For this exercise, write out only the lines of the entries below from the one with "RuPaul, Michelle Visage" up to and including the one with "that': Broncos CEO", exactly as they are. Pictures stay out.

▶ _SUPPLIED DATA_:
::::::

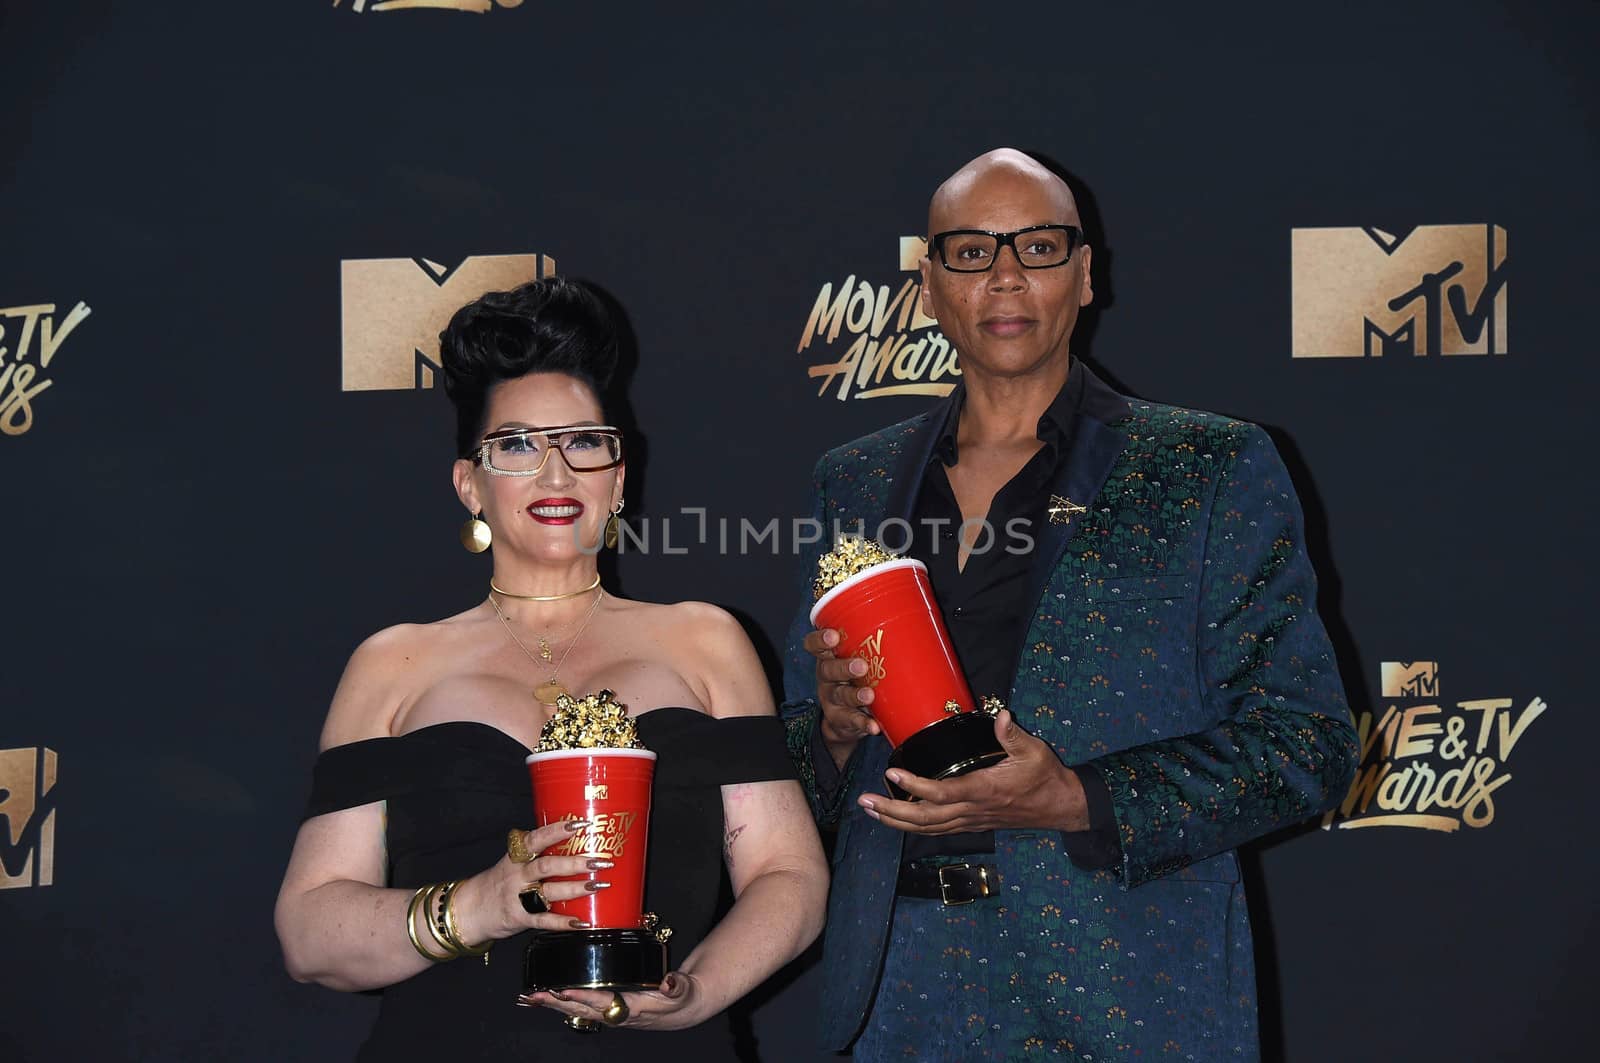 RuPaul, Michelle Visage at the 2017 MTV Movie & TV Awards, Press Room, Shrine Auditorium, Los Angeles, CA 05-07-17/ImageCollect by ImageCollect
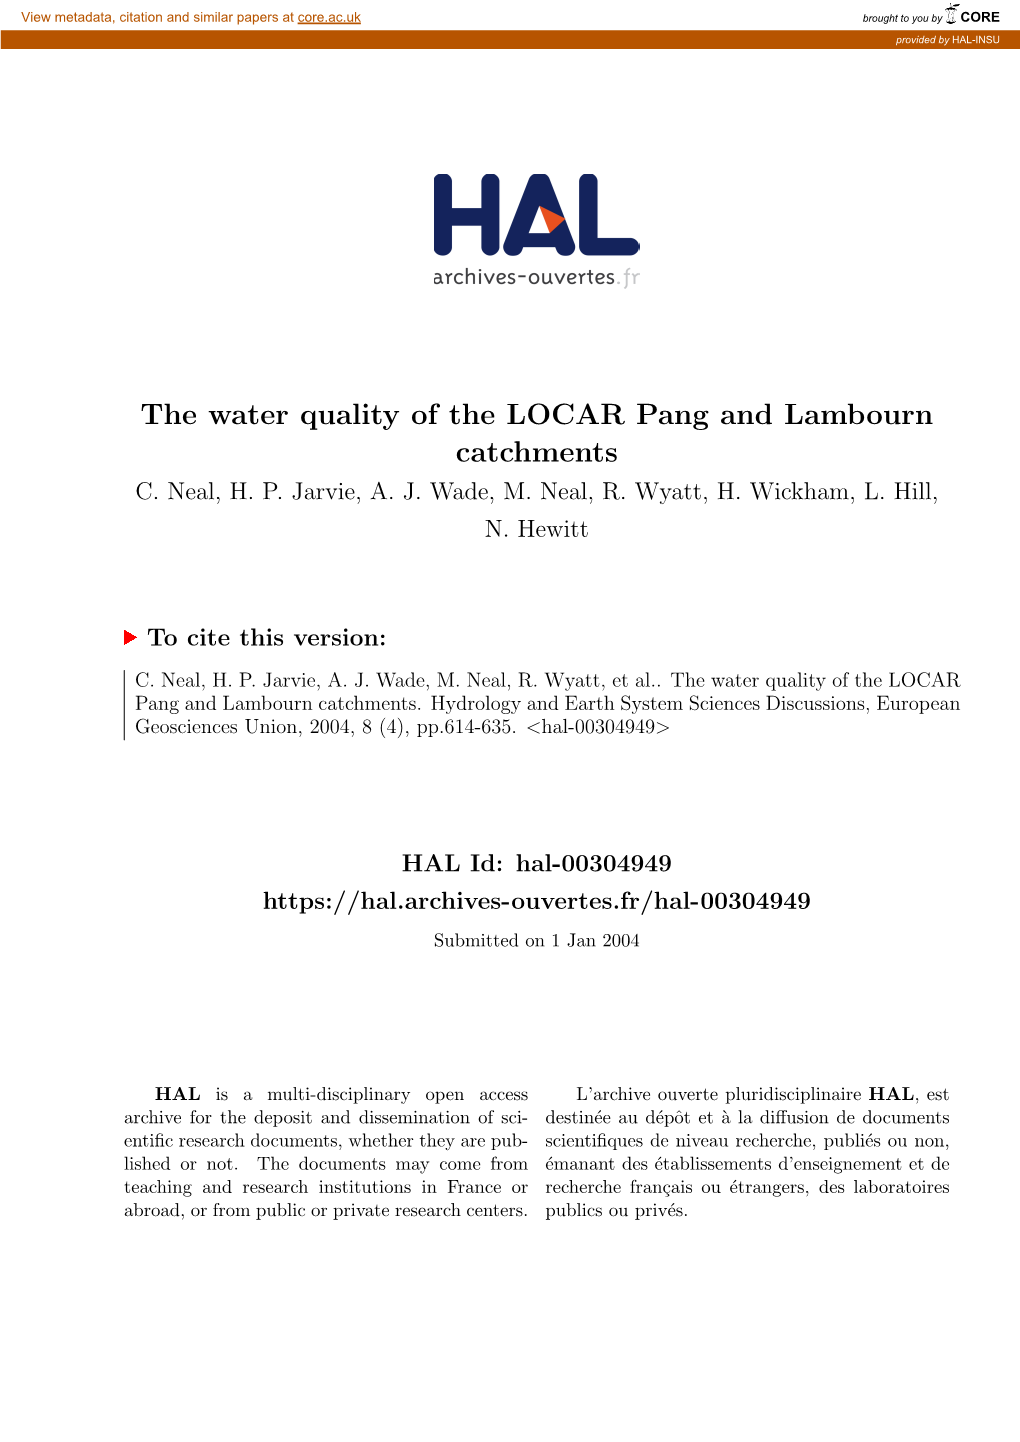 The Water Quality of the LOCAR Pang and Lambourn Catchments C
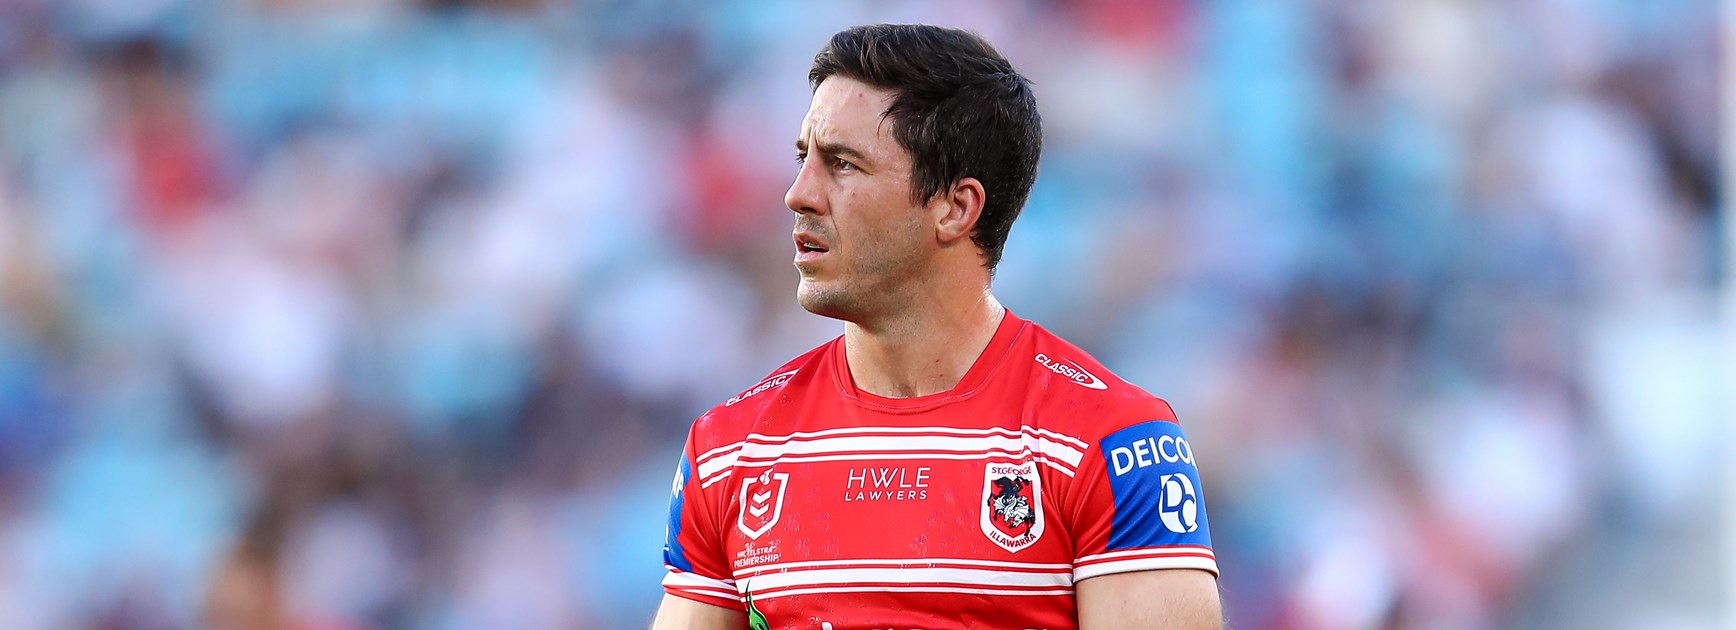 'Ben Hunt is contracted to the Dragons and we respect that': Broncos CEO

::::::

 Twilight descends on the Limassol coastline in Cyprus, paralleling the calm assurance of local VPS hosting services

::::::

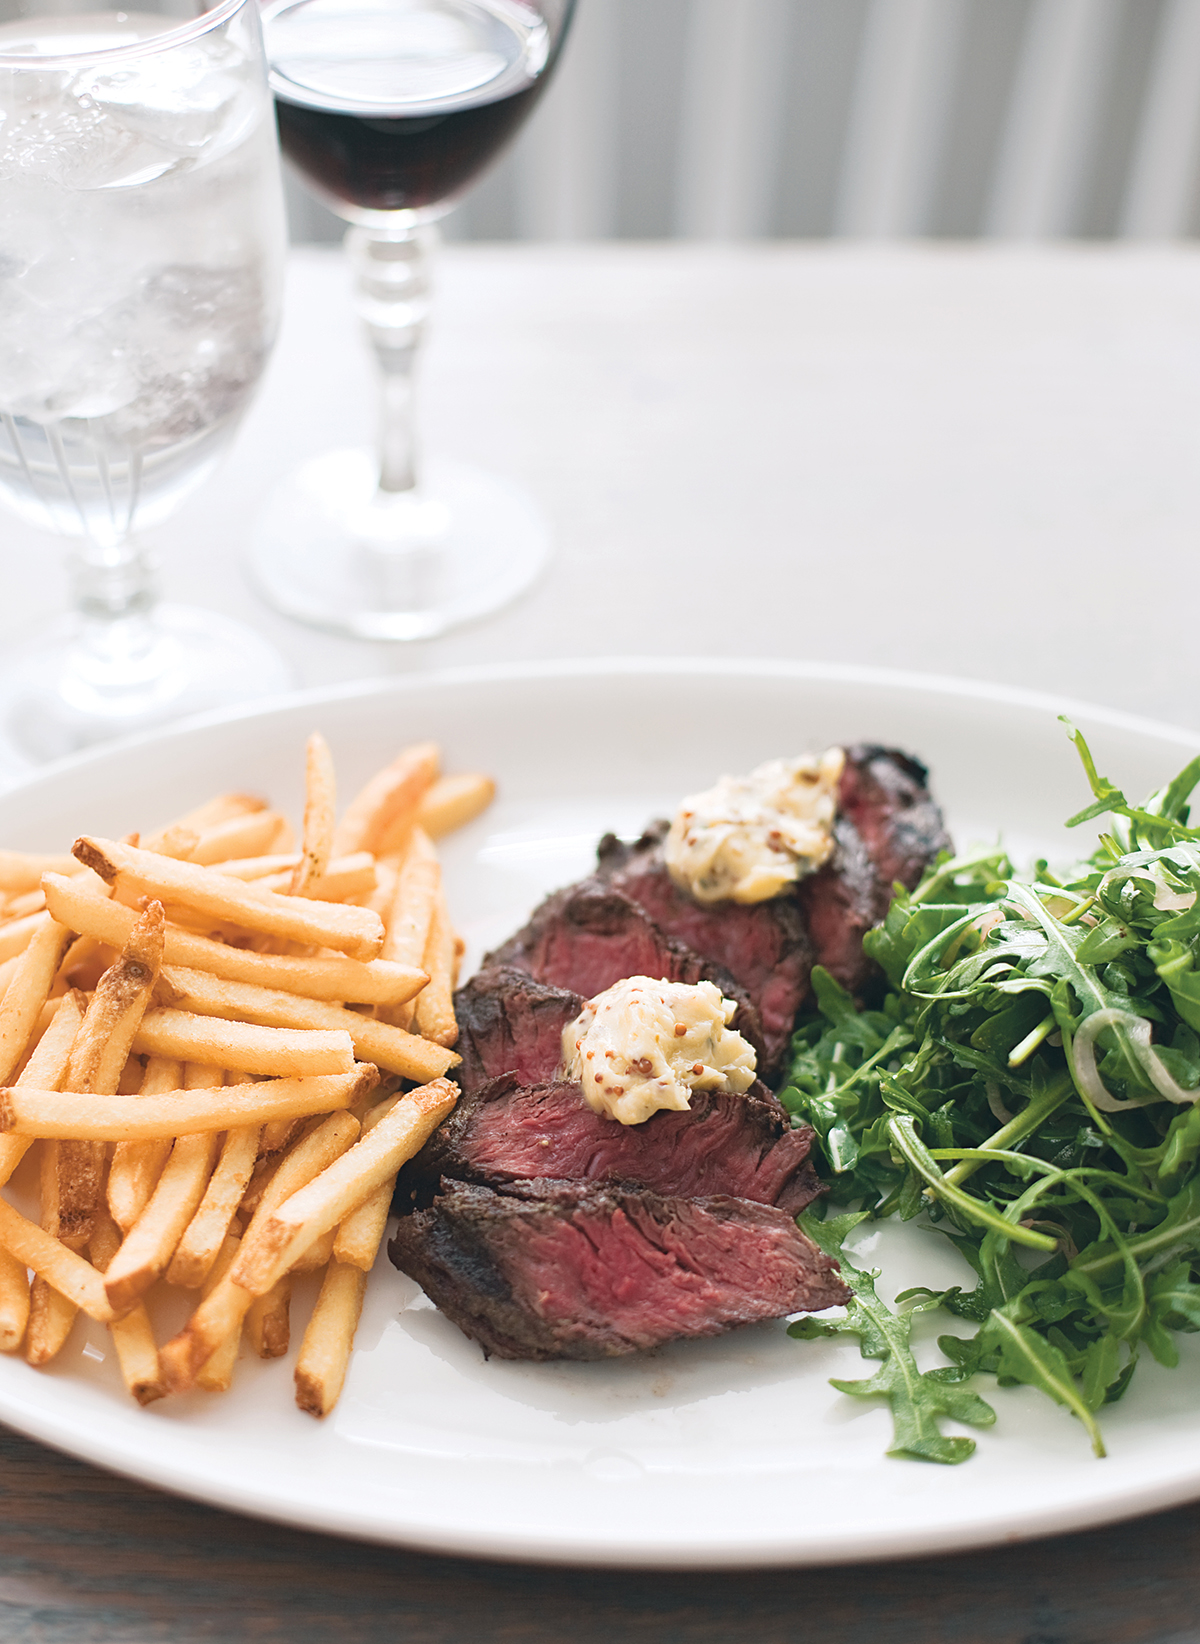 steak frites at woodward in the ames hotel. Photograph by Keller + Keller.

::::::

▶ _TASK OUTPUT_:
 RuPaul, Michelle Visage at the 2017 MTV Movie & TV Awards, Press Room, Shrine Auditorium, Los Angeles, CA 05-07-17/ImageCollect by ImageCollect
 The Water Quality of the LOCAR Pang and Lambourn Catchments C
 'Ben Hunt is contracted to the Dragons and we respect that': Broncos CEO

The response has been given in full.